– Отказался? – Наталка прикурила новую сигарету.
– А как ты думаешь? Я лучше прогорю, чем соглашусь на что-либо подобное. Получится, что шоу – заслуга этого спонсора, а мы только благодаря их деньгам показали представление.
– Я в театре и не такое видела.
– Я лучше рискну. – Данила размял плечи и покрутил шеей.
– Рисковый ты парень. – Наталка прищурилась и выпустила струйку дыма.
– Хватит дымить, – сказал Данила и, взяв из ее руки горящую сигарету, засунул ее в свой кулак. Затем разжал пальцы и продемонстрировал пустую ладонь. Наталка захлопала в ладоши. Даниле нравилось показывать ей фокусы, да и ребятам тоже.

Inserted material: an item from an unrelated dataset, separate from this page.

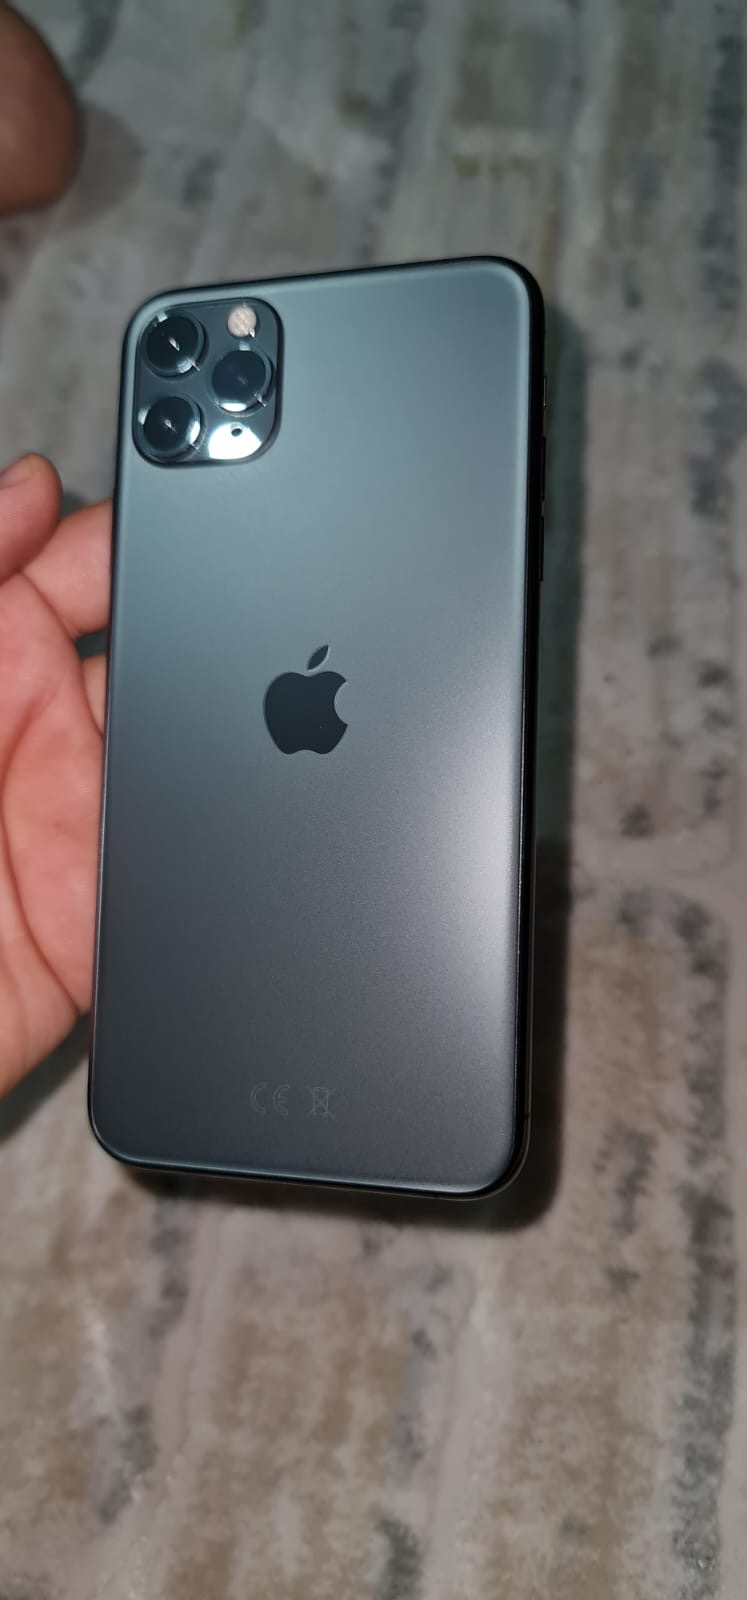 DIP FİYAT (İlk Sahibinden Satılık) iPhone 11 pro max 64 gb TR cihazı  Açılmamış | DonanımHaber Forum

Они все ему нравились: веселые, открытые, искренние, они совсем не были похожи на ту испорченную молодежь, какую в мрачных красках описывал его учитель во время их первой встречи. Это обнадеживало. А бурчание Петра… возможно, это просто дань возрасту, когда кажется, что молодое поколение всегда хуже, менее воспитанно, не так образованно и вообще в голове у них одни глупости.
– Мистер фокусник! – со сцены раздался веселый смех. – Мы вас ждем!
Он направился к ребятам.
* * *
До премьеры оставалось два дня. Позади два месяца напряженных репетиций, метаний по городу и улаживания организационных вопросов, в решении которых лучше всего помогали американские президенты: Джексон – в решении мелких вопросов, Грант – в более серьезных. Но больше всего украинский народ уважал Франклина, несмотря на то, что тот давным-давно отправился в края вечной охоты, по выражению коренных жителей Америки. «Зеленые спинки», они же «баксы» или «грины», расходились довольно резво, оседая в карманах местной бюрократии и производя с ними потрясающие метаморфозы. Только что чиновник был связан по рукам и ногам крепкими цепями законов, инструкций и предписаний и был беспомощен, как новорожденный, как вдруг… О, чудо! С помощью зеленой бумажки, играющей роль отмычки, он, словно Гудини, освобождается от всех цепей и творит чудеса не хуже Гарри Поттера, используя в качестве волшебной палочки ручку с дорогим пером. Он открывает проход сквозь бумажные стены с печатями, которые порой покрепче каменных, и с помощью волшебной трубки на расстоянии убирает преграды, возникающие на пути горячо любимого им магического шоу.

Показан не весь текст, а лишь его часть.